REKLAMA

NIEMCYSpecjaliści od chirurgicznej precyzji i operacji mózgu wchodzą na giełdę. Znamy cenę akcji

2025-06-30 13:15
publikacja
2025-06-30 13:15

Spółka Brainlab AG ma zostać wyceniona na 1,7 mld euro w pierwszej ofercie publicznej akcji przed debiutem na giełdzie we Frankfurcie. Przed końcem zapisów na akcję zarząd firmy specjalizującej się tworzeniu oprogramowania i sprzętu medycznego, wspierającego leczenie chirurgiczne ma spotkać się jeszcze z inwestorami z Nowego Jorku. Pierwszy dzień notowań zaplanowano na 3 lipca.

Specjaliści od chirurgicznej precyzji i operacji mózgu wchodzą na giełdę. Znamy cenę akcji
Specjaliści od chirurgicznej precyzji i operacji mózgu wchodzą na giełdę. Znamy cenę akcji
fot. Gorodenkoff / / Shutterstock

Brainlab AG to pionier i jeden z globalnych liderów rozwoju, produkcji i wdrażaniu zaawansowanego oprogramowania i sprzętu medycznego wspierającego leczenie chirurgiczne i radioterapię. Dostarcza systemy do nawigacji podczas operacji mózgu, kręgosłupa, ortopedii, czy chirurgii szczękowo-twarzowej.
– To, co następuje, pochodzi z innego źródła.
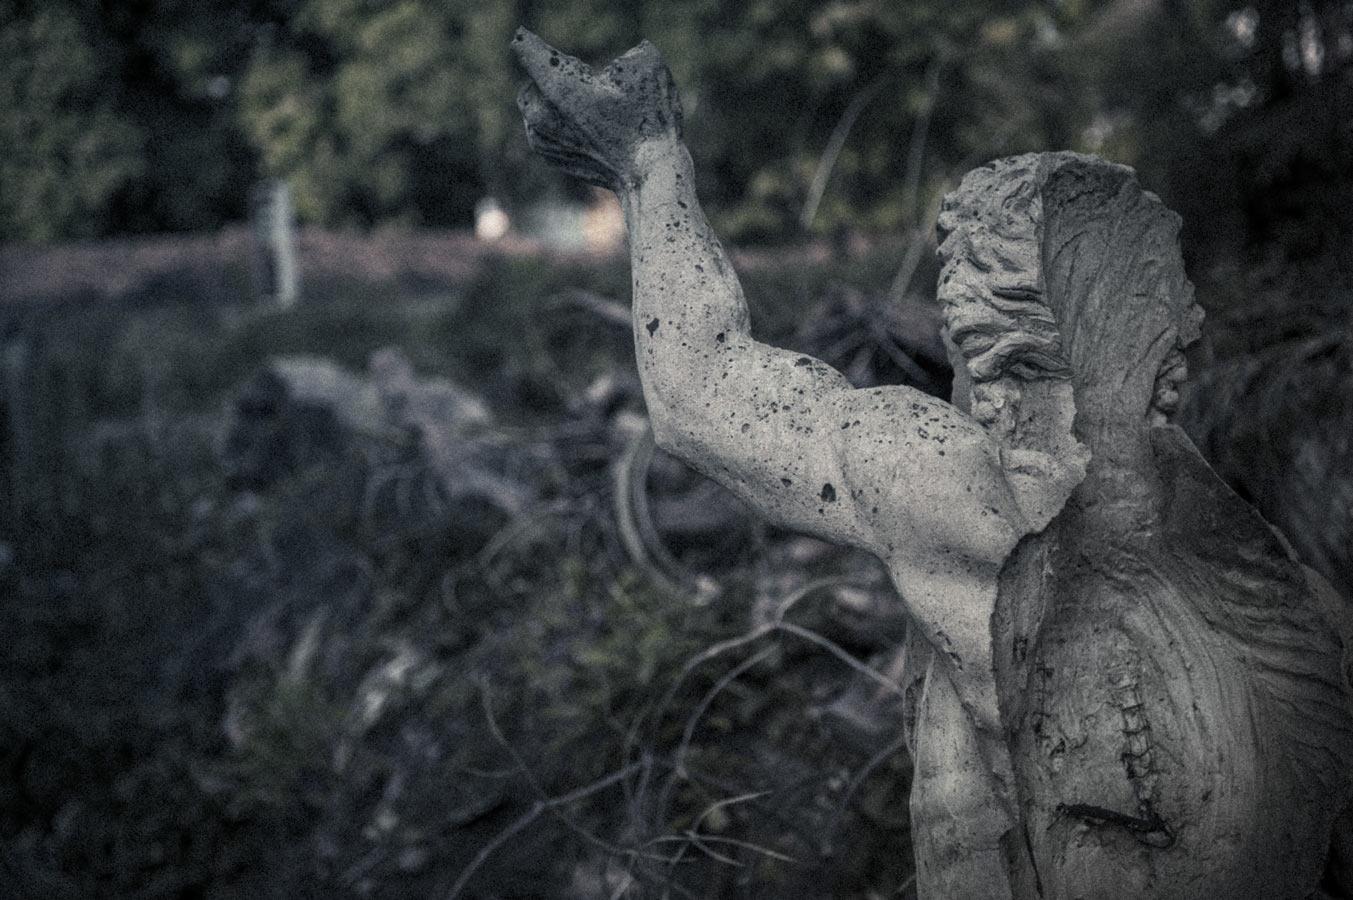 Jamie-Lowe-Photography-Haunted-House-Chiang-Mai-25.jpg

Rozwija także platformy do zarządzania danymi w sali operacyjnej, integrując obrazy, dokumentację i komunikację w czasie rzeczywistym, co usprawnia pracę zespołu chirurgicznego. Firma założona w 1989 r. zatrudnia ponad 2200 osób i działa w ponad 5600 szpitalach w 116 krajach.
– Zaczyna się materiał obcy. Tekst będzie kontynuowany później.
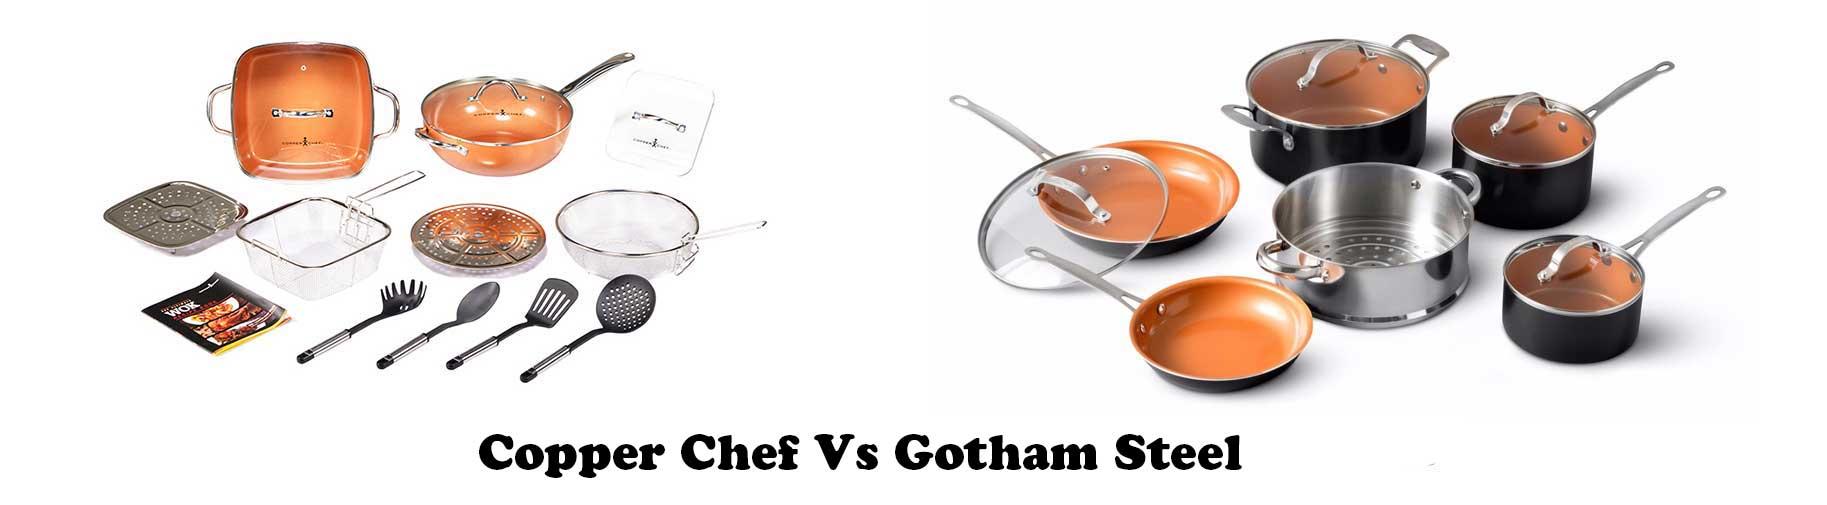 Gotham Steel Vs Copper Chef

Jak poinformowano w poniedziałkowym komunikacie, cena akcji Brainlab w czasie pierwszej oferty publicznej ma zostać ustalona na 80 euro. Jak podano w oświadczeniu organizatora emisji, zgłoszony popyt na akcje był wielokrotnie większy niż liczba oferowanych walorów, jednak ustalona cena i tak stanowi dolną granicę oferowanego przedziału.

Szczegóły oferty Brainlab

Przypomnijmy, że inwestorom zaoferowano do 2 mln nowych akcji oraz do 3,2 mln akcji sprzedawanych przez dotychczasowych właścicieli (założyciela spółki Stefana Vilsmeiera, jego dalszej rodziny oraz monachijskiego inwestora finansowego EMH Partners). Oficjalny przedział cenowy akcji Brainlab ustalono na 80–100 euro za akcję, co wyceniało firmę na 1,67–2,09 miliarda euro.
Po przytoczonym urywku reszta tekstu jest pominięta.